“Governments often don’t deliver what we say they should deliver,” Khanna said. The CHIPS Act, which he co-authored, stated that “funding was allocated for rural broadband, but there is little evidence that it is actually being distributed and working.” Joe Biden’s anti-inflation law included significant investments in American industry, but many of the promised factories have yet to be built.
He said the administration should have chosen a few cities as demonstration projects. “You can pick a community like Johnstown, Pennsylvania, or Galesburg, Illinois, or Milwaukee, Wisconsin, and say, ‘This is what it looked like before, and this is what it will look like a year from now.’ Here’s how it turned around.” He suggests that Democrats have lost the ability to tell a coherent story about how they are improving people’s lives.
Of course, Khanna is not alone in arguing that progressives are wasting public trust by failing to govern effectively. My colleague Ezra Klein has echoed similar criticisms. But Mr. Khanna also makes a broader argument: Democrats have failed to envision a reassuring or inspiring vision for the future.

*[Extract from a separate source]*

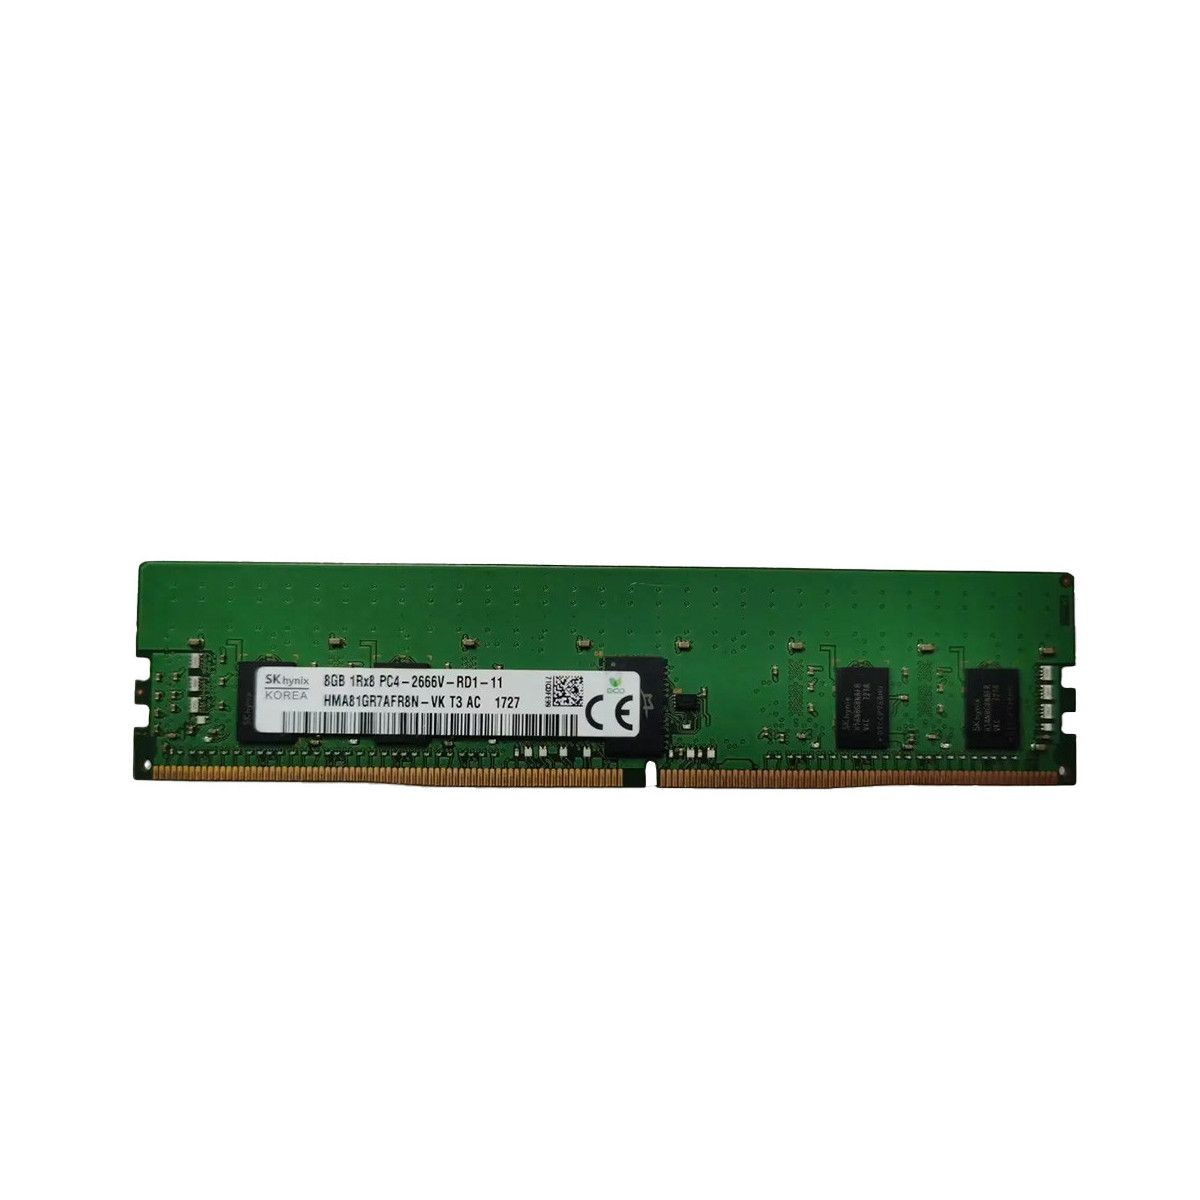 T9V39AA-MS - Mem-star 1x 8GB DDR4-2400 RDIMM PC4-19200T-R - Memstar Compatible OEM Memory 1 - Memstar 
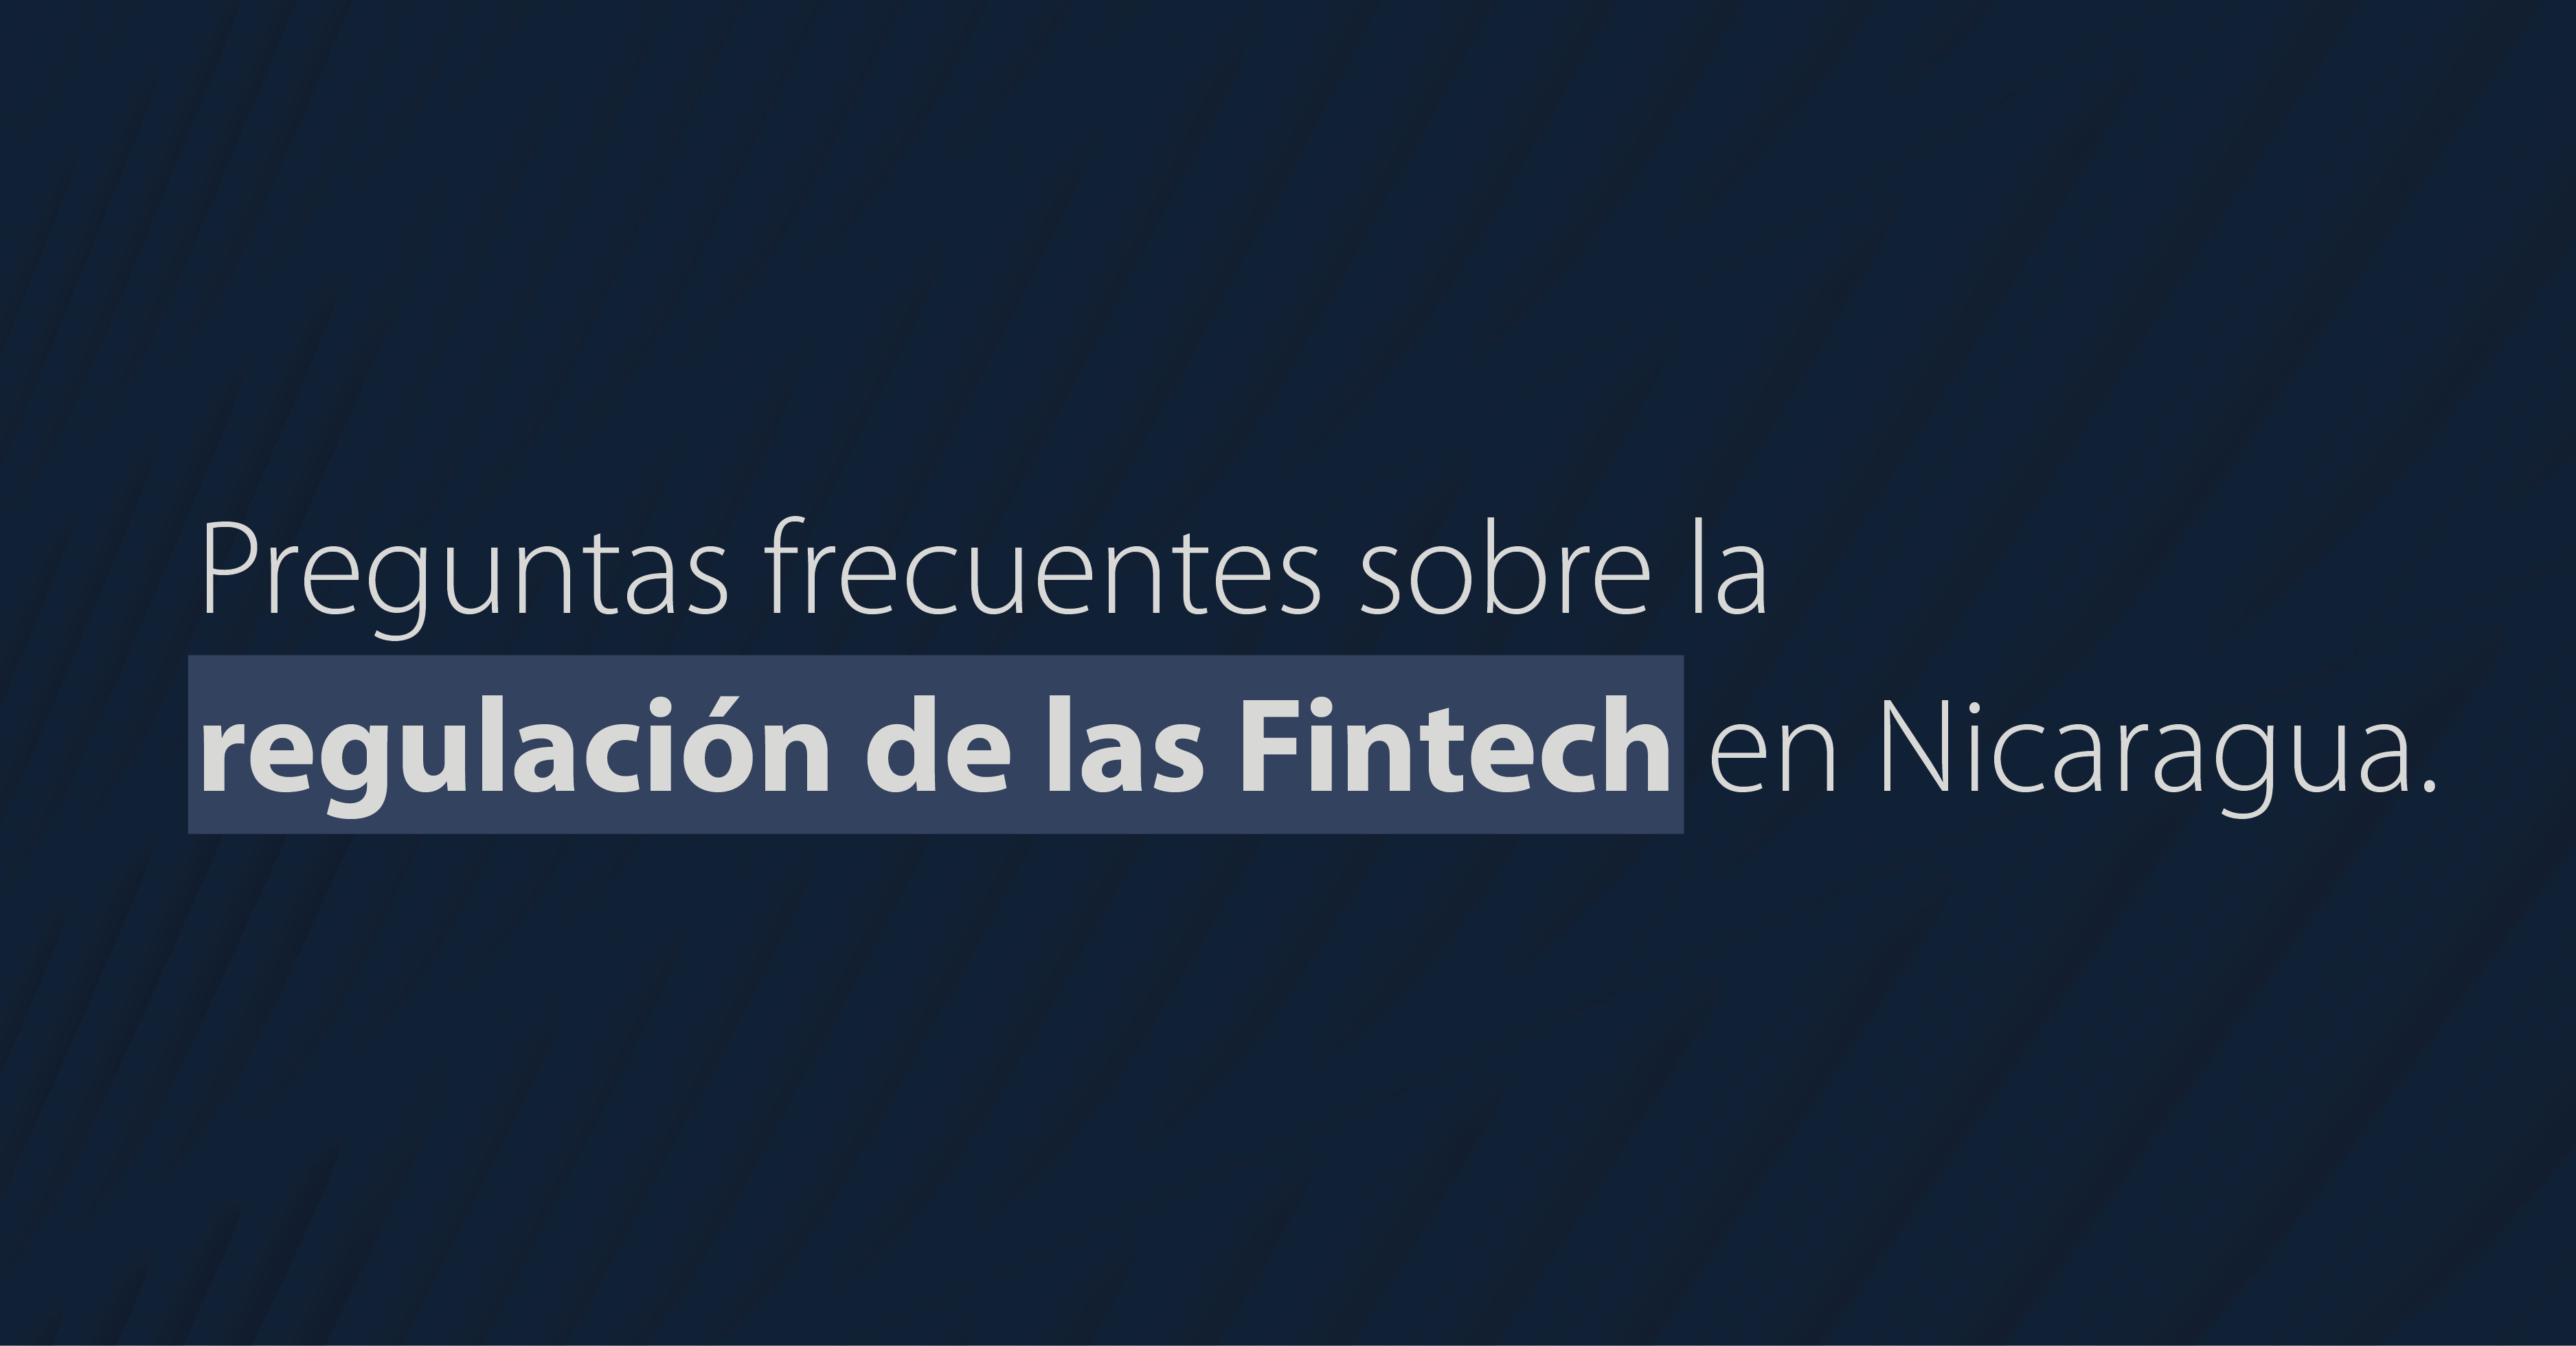 Preguntas frecuentes sobre la regulación de las Fintech en Nicaragua

“I think this is the big challenge that presents a challenge to the Trump-Musk-Vance administration: They are trying to take the patina of the future and tie it to deregulation and Texas,” he said. spoke. , citing the location of Musk’s new headquarters as a state that combines social conservatism and laissez-faire economics.
Khanna continued, “What we have to do is take the future into our hands, understand technology, how it can help your family and your community, and how to use technology to help you.” “We have a much better vision of how to regulate.”